Under Run? select Regular expression match.
Expression:
(?i).*origin/master.*
Label:
${ENV,var="GIT_BRANCH"}
Under Builder select Execute Shell
Command:
echo "Merging multi-dev changes to master" terminus build:env:merge -n ${SITE_ID}.ci-${BUILD_ID} --yes
Your conditional step should look like this:
Create a cleanup task:
echo "Cleaning up multidev & branches" git -C ${WORKSPACE} remote remove pantheon git -C ${WORKSPACE} remote prune origin terminus build:env:delete:ci ${SITE_ID} --keep=2 --yes
Add Post-build Actions
Select Post-build Actions, click the Add post-build action button, select the option Set GitHub commit status (universal), then choose the following options:
Commit SHA: Latest build revision.
Repositories: Any defined in job repository.
Commit context: From GitHub property with fallback to job name.
Status Result: One of default messages and statuses.
Status backref: Backref to the build
Click Save to complete the Jenkins build process configuration.
Create a new branch on your local computer and make a change to it.
Commit and push to GitHub to initiate a build.

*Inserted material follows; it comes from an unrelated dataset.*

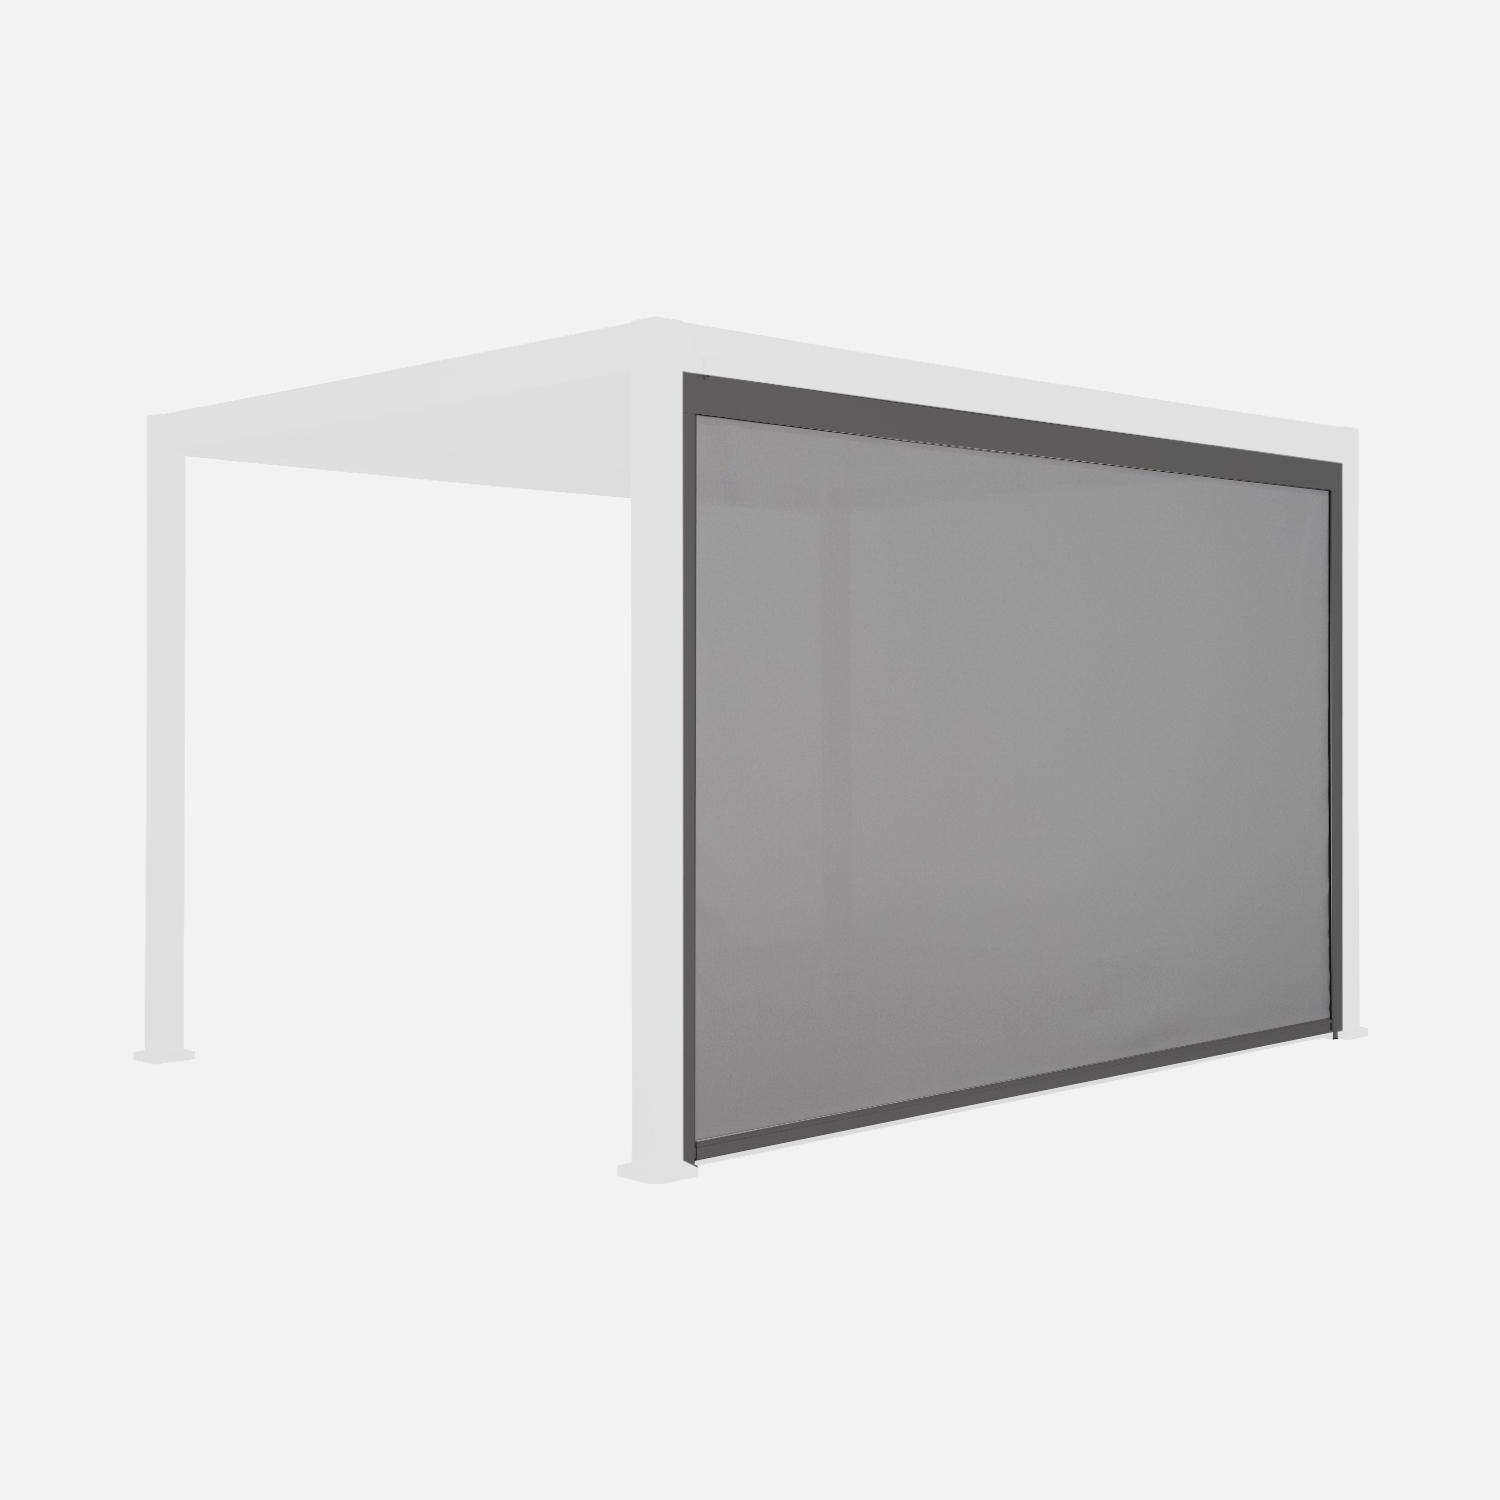 Store gris pour pergola bioclimatique – Triomphe – 3x4 m, aluminium et textilène Photo2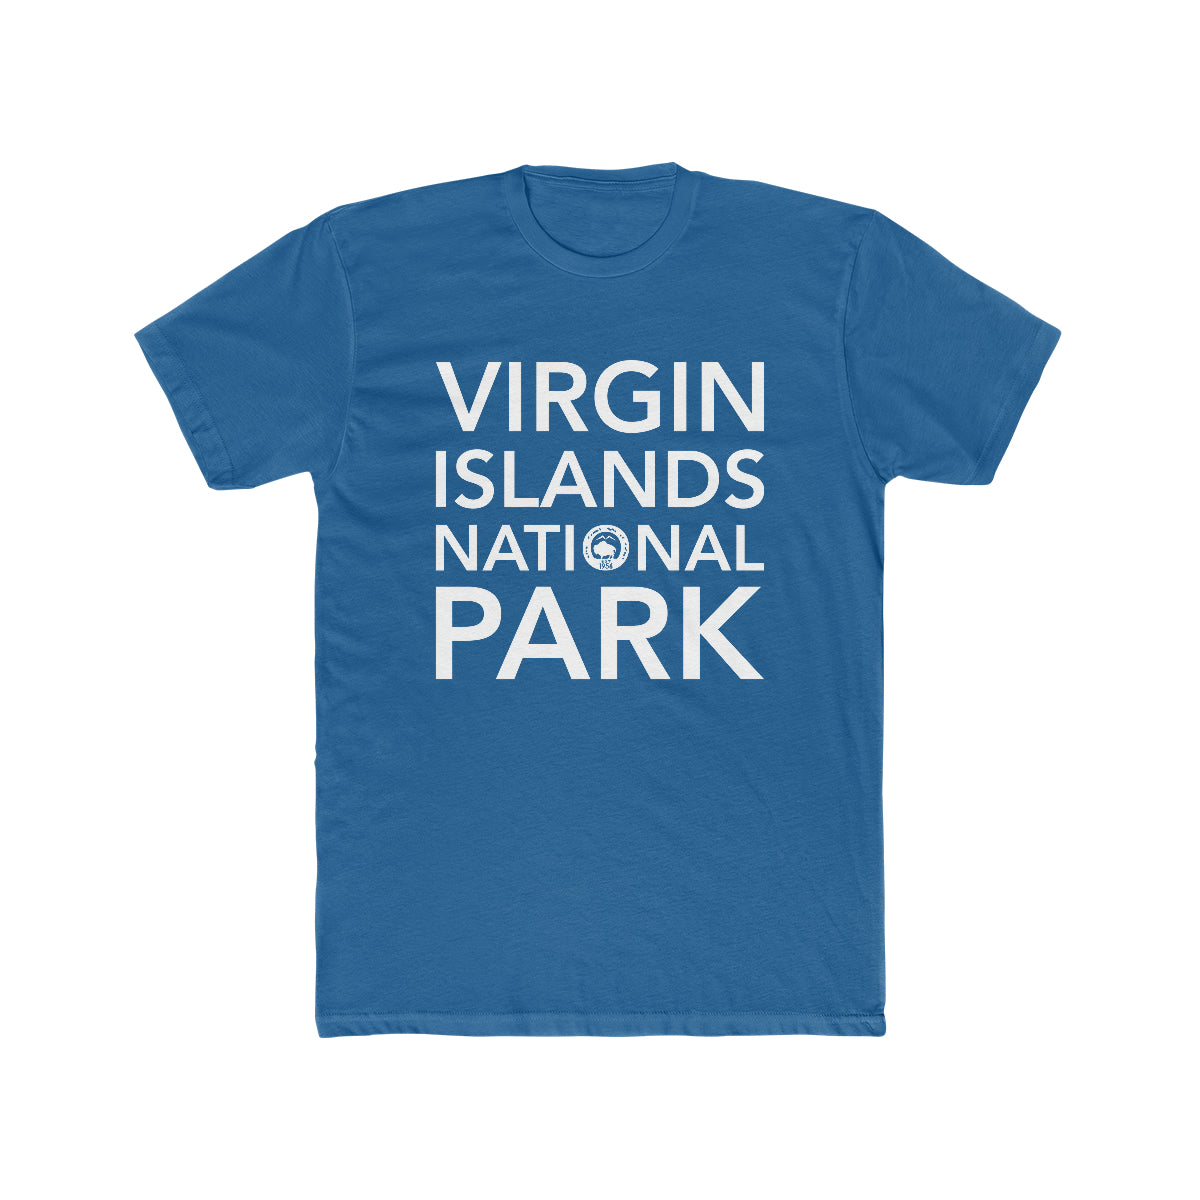 Virgin Islands National Park T-Shirt Block Text

You should see the results of the test, which link to the Jenkins job:
Click the job, then select Console Output if a test fails to see the details.
Be sure to push to your new origin repo on GitHub if you usually use only the Pantheon repository.You can still add the Pantheon repo as a remote to take advantage of Multidev and work on your own environment. Continue to add new tests as you add new features.